**Activity:** Leave the pictures out. Return the rest of the listing below exactly.

**Data section:**

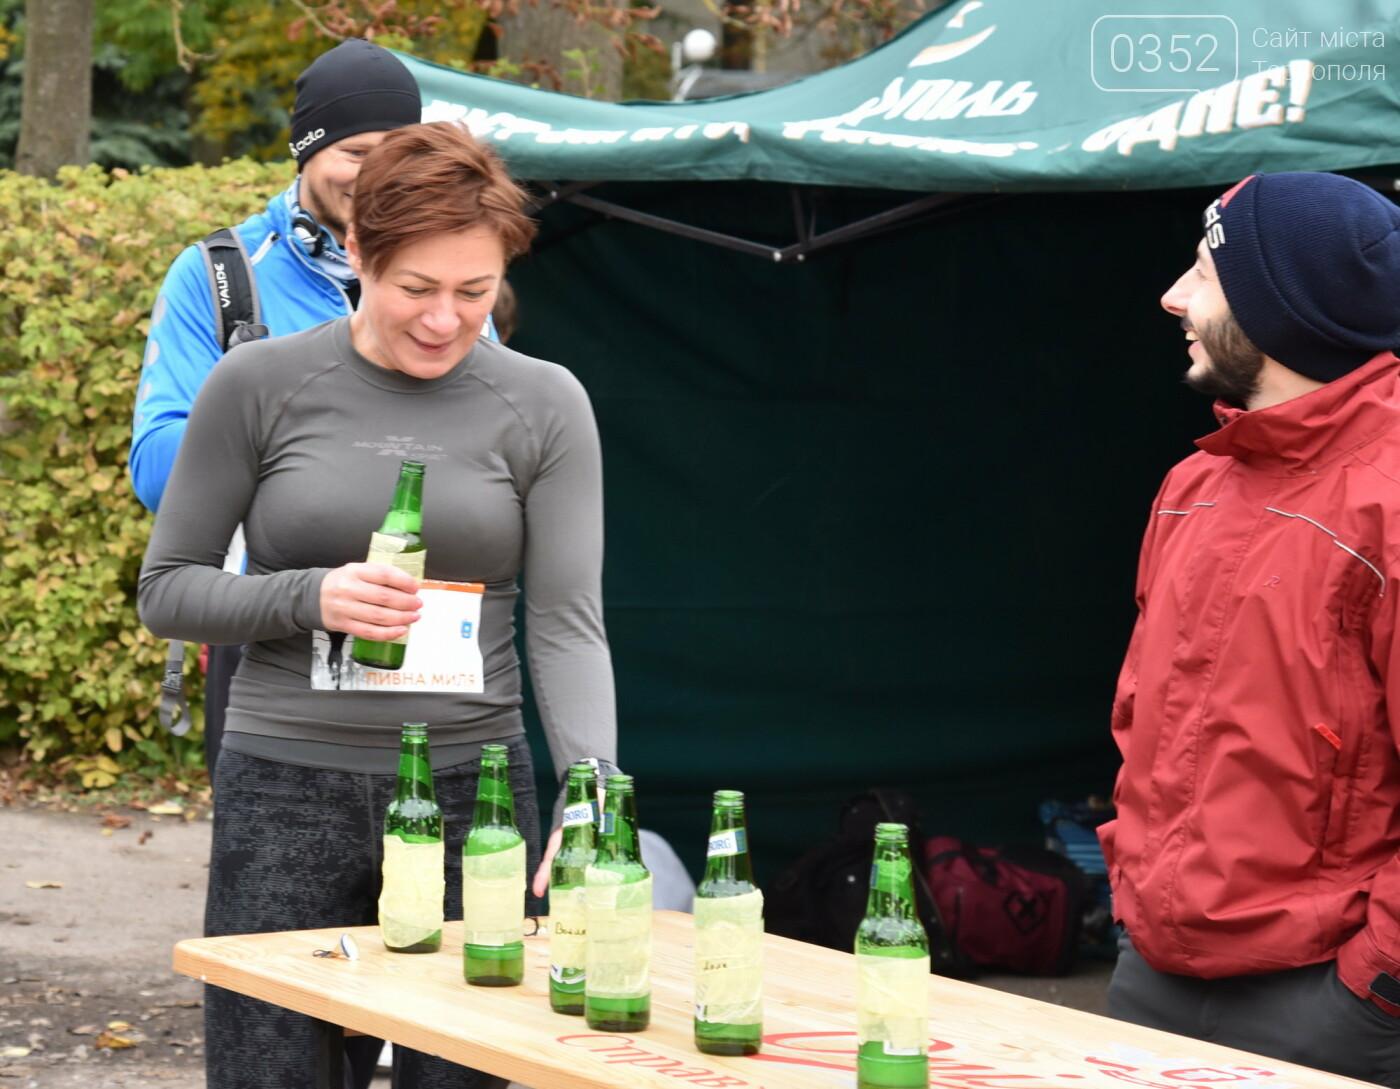 У Тернополі на «Пивній милі», де треба було пити пиво під час бігу, фінішувати вдалося не всім (Фоторепортаж), фото-3
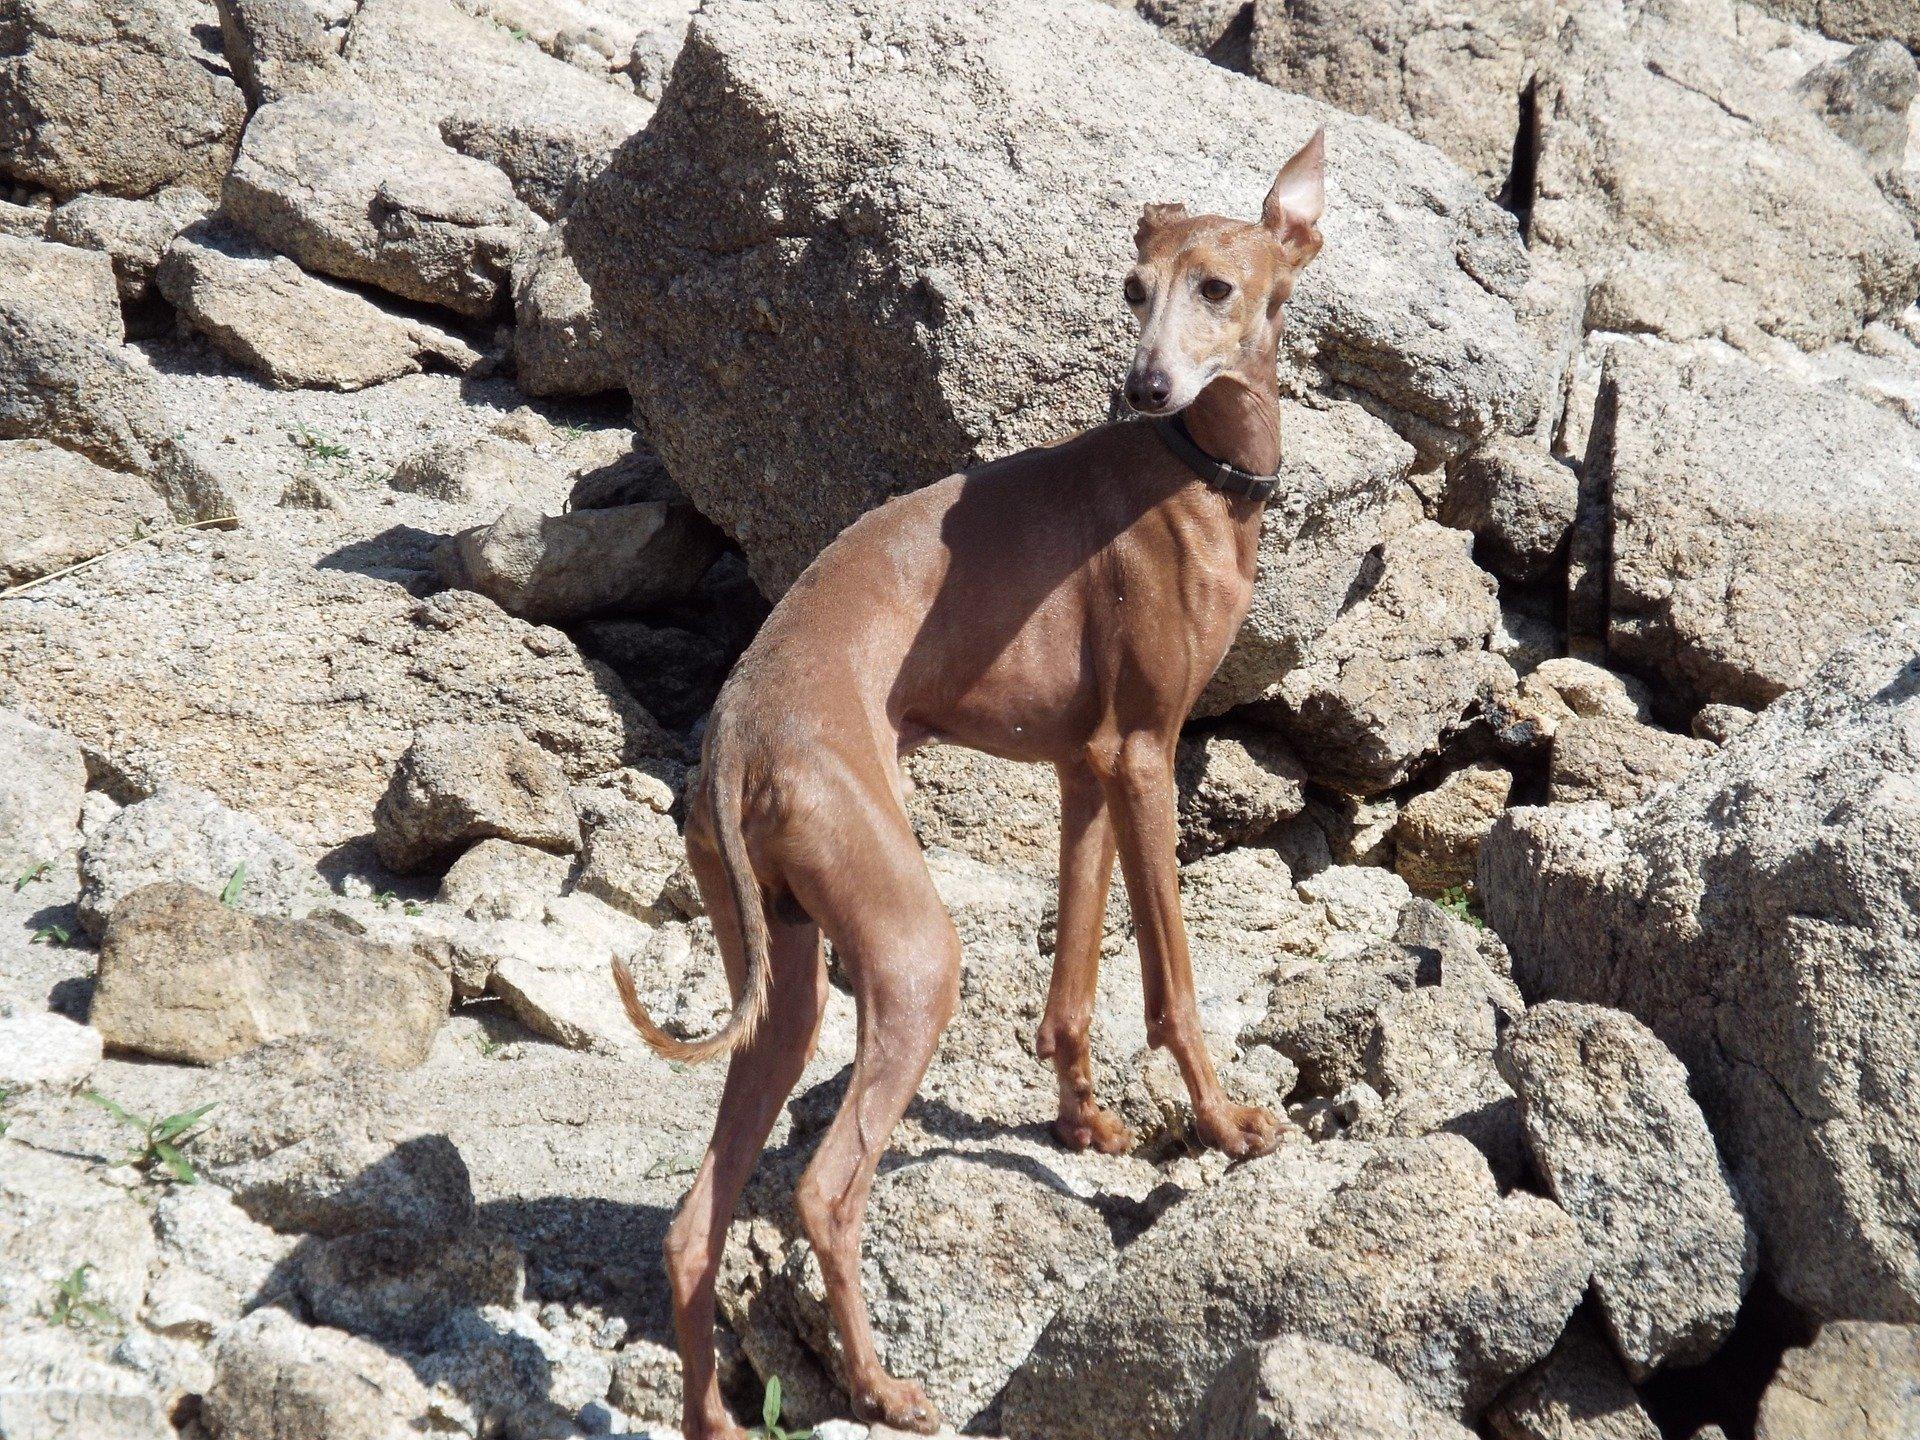 Razze cane: il cane Greyhound carattere e prezzo
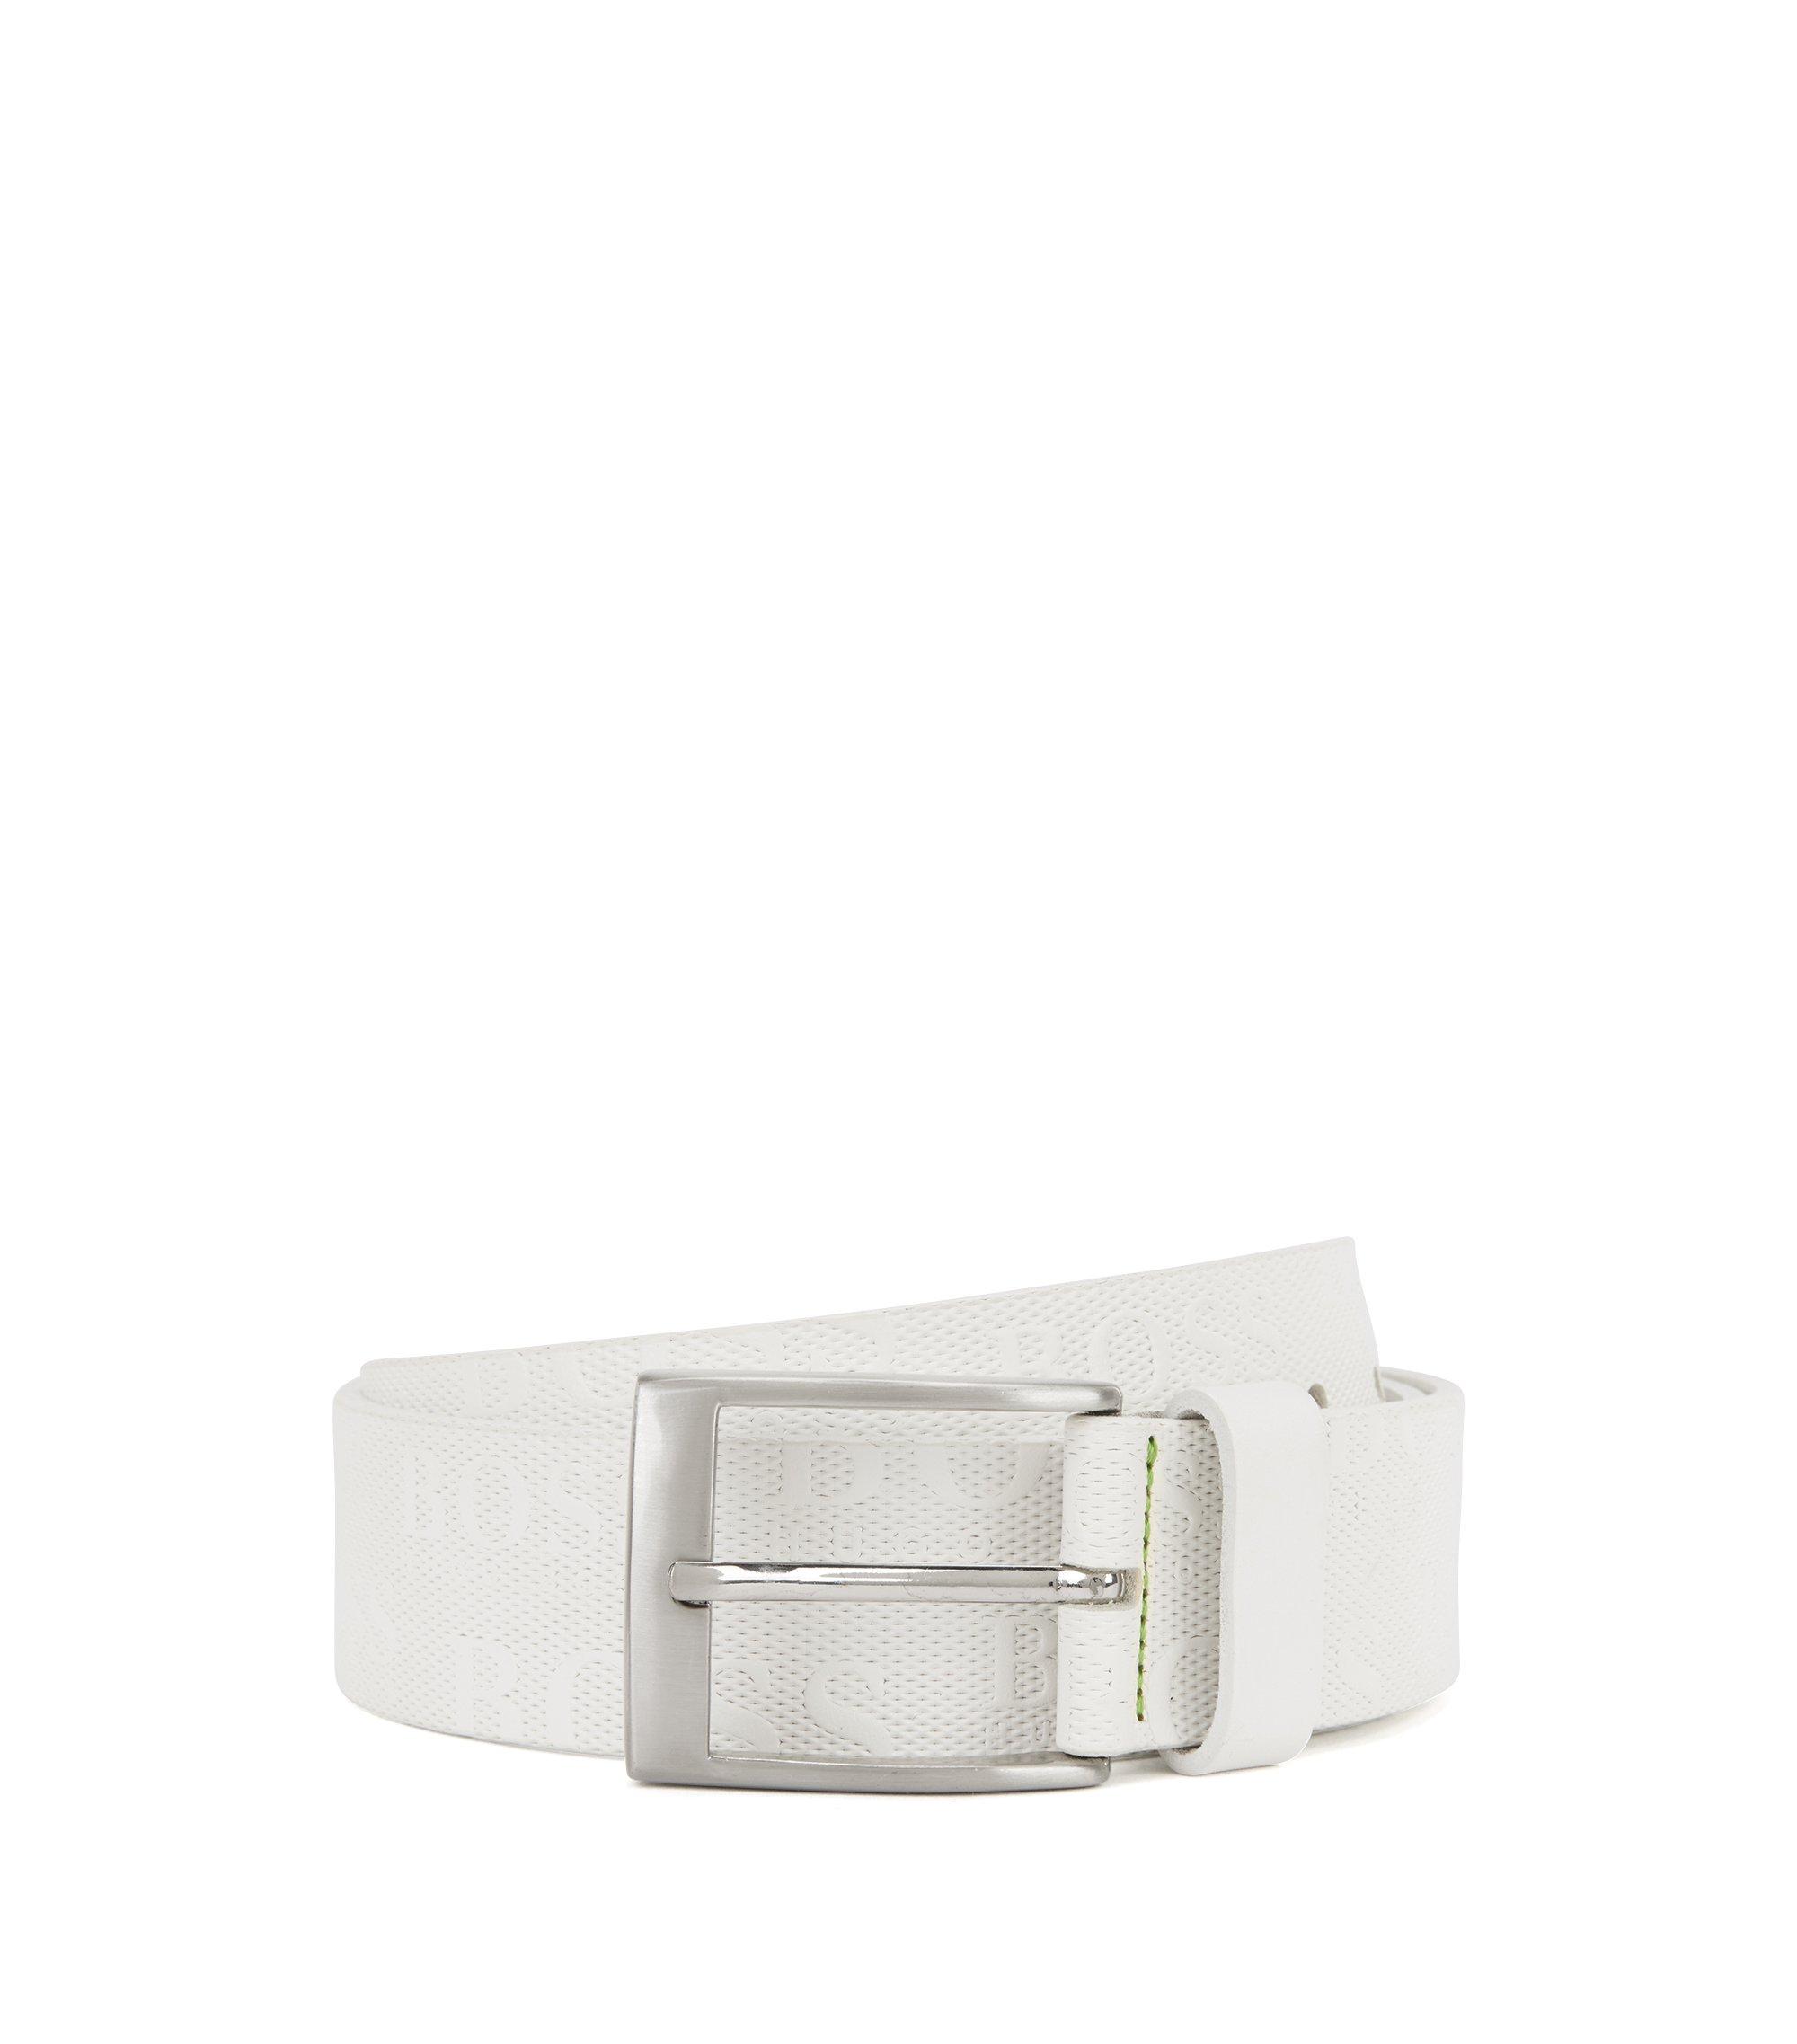 Cinturón de piel con logo repujado en la correa, Blanco

**Answer space:**
 У Тернополі на «Пивній милі», де треба було пити пиво під час бігу, фінішувати вдалося не всім (Фоторепортаж), фото-3
 Razze cane: il cane Greyhound carattere e prezzo
 Cinturón de piel con logo repujado en la correa, Blanco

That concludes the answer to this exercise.